I have been blessed with weekly PSA and hormone testing and monthly testing of Comprehensive Metabolic Panel and Complete Blood Count. I am an “unblind clinical trial of one” for comparing Standard of Care Orgovyx with off-label high-dose estradiol (E2). Checking organ function with the CMC and CBC tests was a condition of me using E2 because of my oncologist's concern about cardio-vascular effects.
(I seem to be doing quite well; PSA on E2 alone dropped 70% in 12 weeks after stopping the Orgovyx. I am down to PSA 0.014 ng/ml.)

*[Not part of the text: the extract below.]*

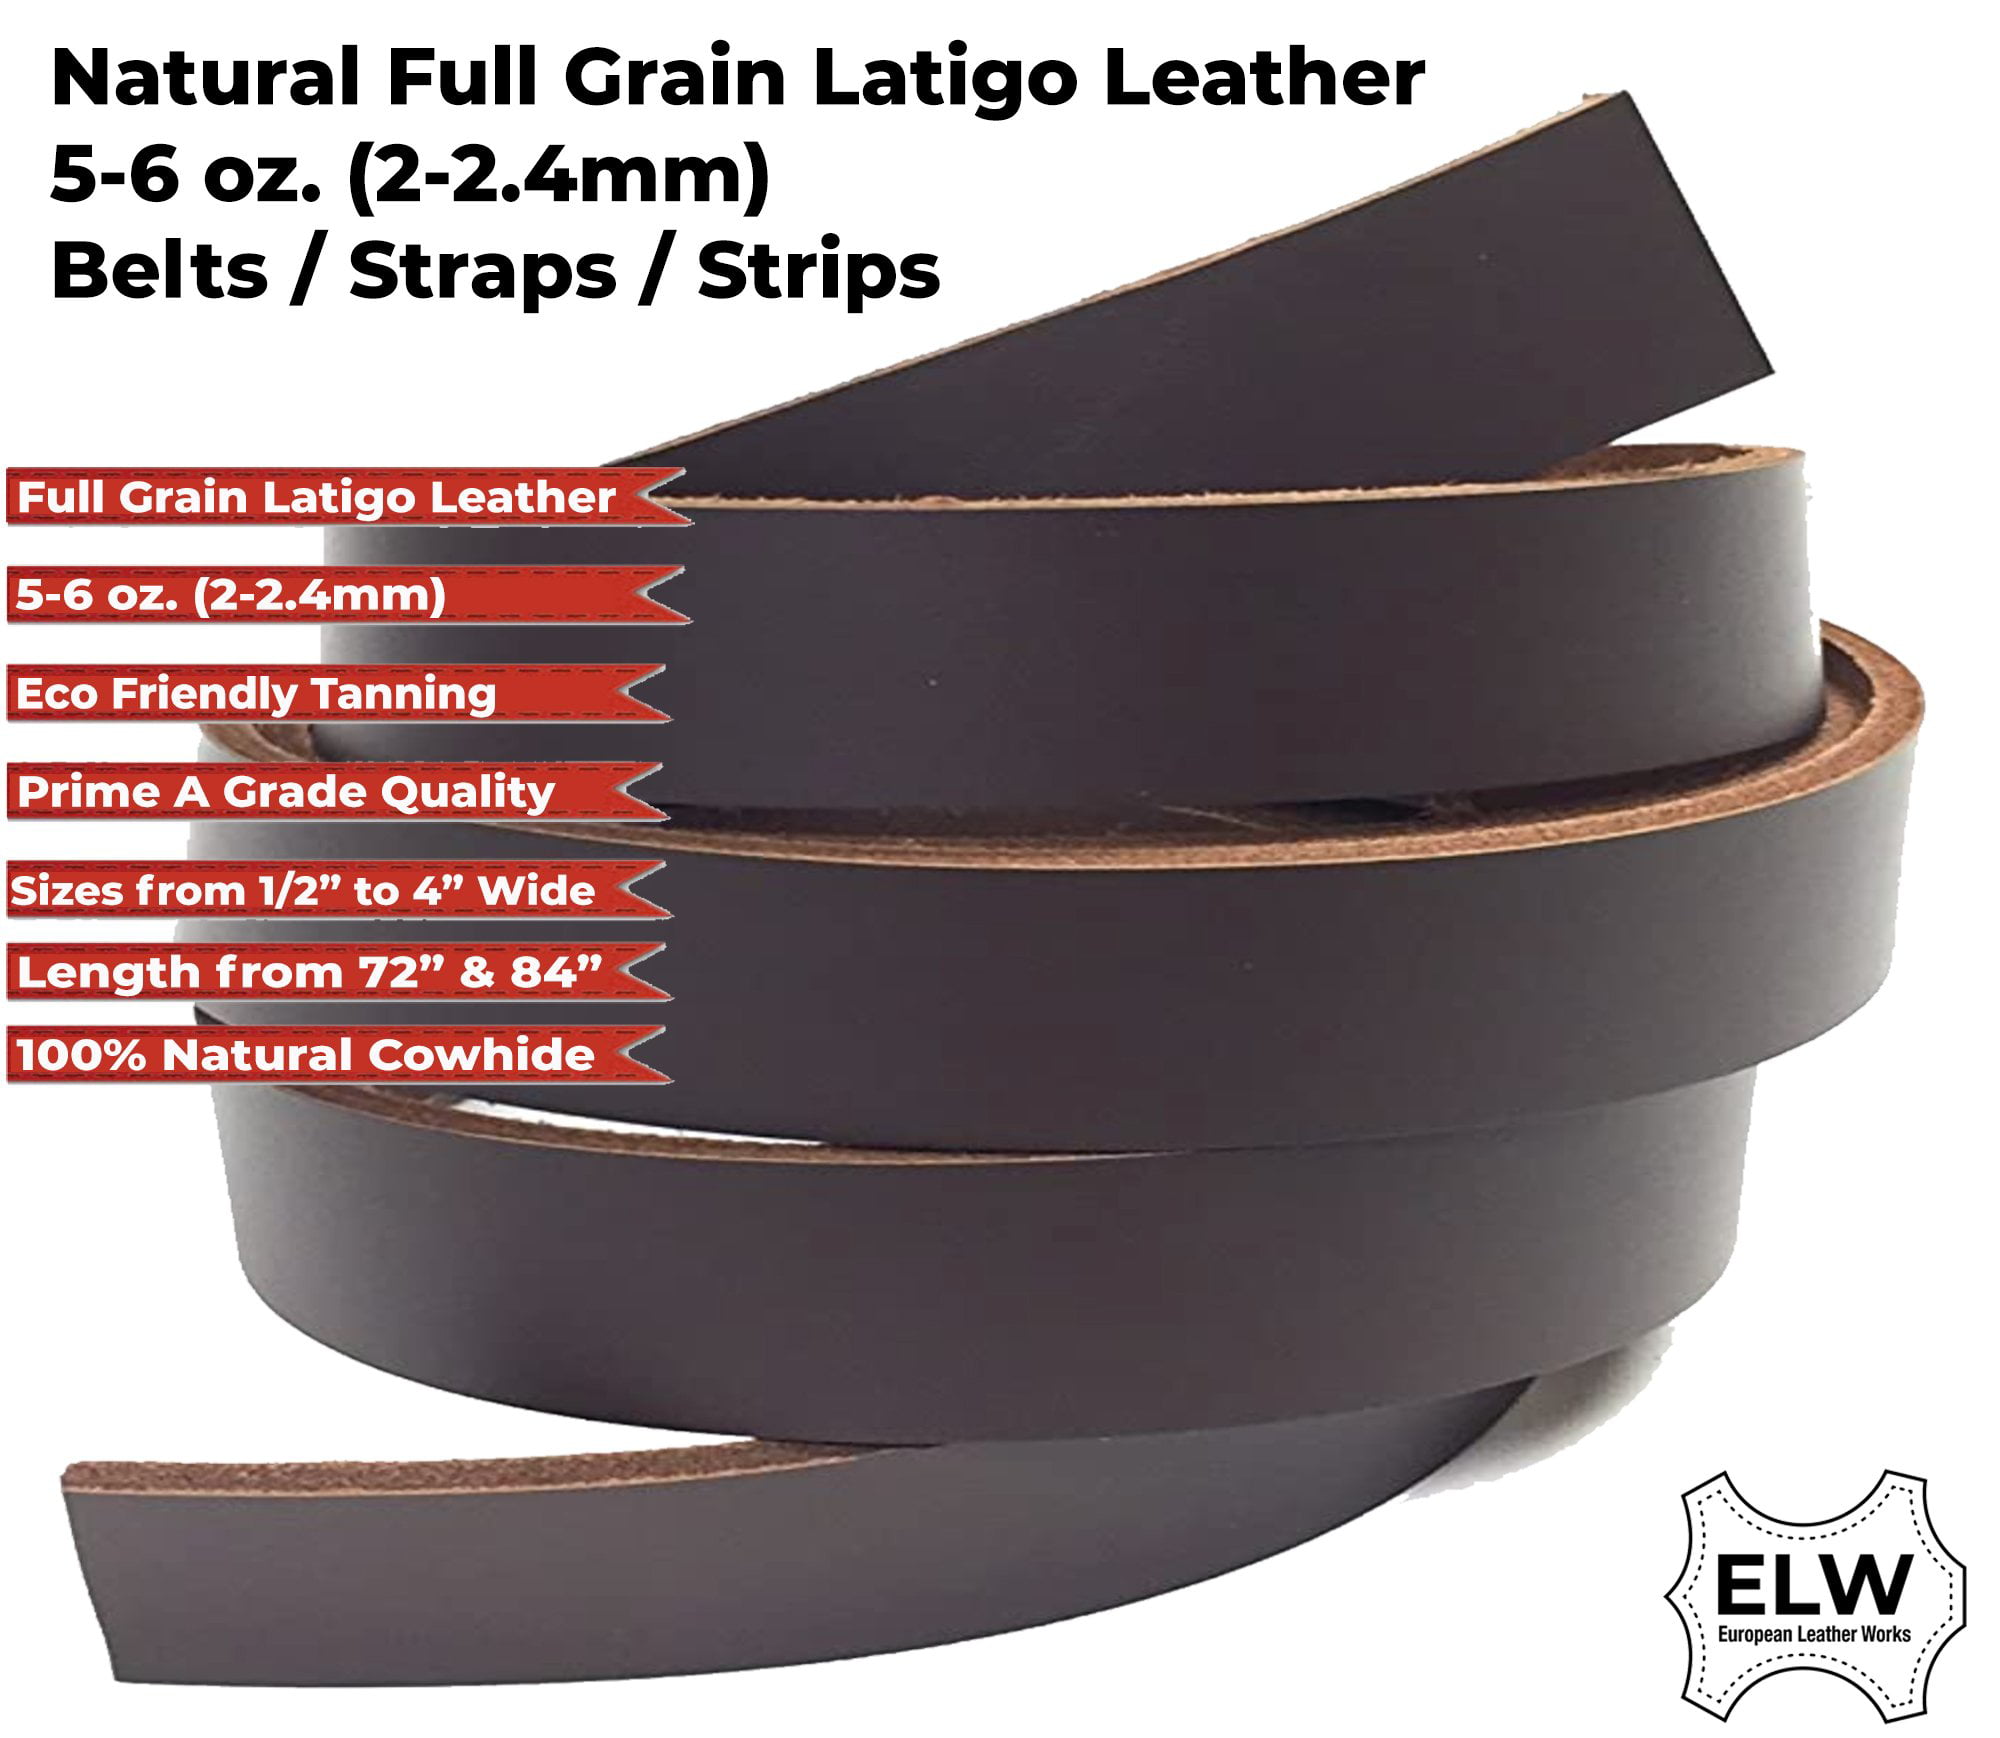 Leather Straps 5/8 Inch Wide 6-7 oz. Mahogany Waxy Latigo Leather Strap up to 96 Inch Long Pitka Leather 2.4 – 2.8 mm 5/8 x 12

It has given me a wealth of data to adjust the E2 dosing level and hopefully will provide support for my oncologist to go off-label with my treatment. (I am currently "against medical advice" with using E2 and vacation from Orgovyx).
A prominent researcher at a major cancer center with whom I had a consult told me that once-a-week testing was ‘WAY overkill (outside of a clinical trial setting) and once a month would be plenty for my case.
It's a personal choice. My personal choice would be a, hell no not a year!
But I do have a bias because of the misinformation regarding my care and treatment.
I personally use a uPSA (.xxx) to keep a closer eye on any cancer activity.
We can dispute the < .1 vs < .01 all we want but most docs won't make a recommendation at this point of time when you're < .1.
The benefit of uPSA is that it allows you time to research the latest updates on treatment that may or may not be offered through your care team and peace of mind.
If offered a do-over, I would do everything to avoid leuprolide and the plethora of drugs that have significant side effects and impacts of quality of life issues. In my case, a late diagnosis did not offer me that opportunity so I had to start swinging from the start. Within 12 months of diagnosis it was RP, EBRT and leuprolide.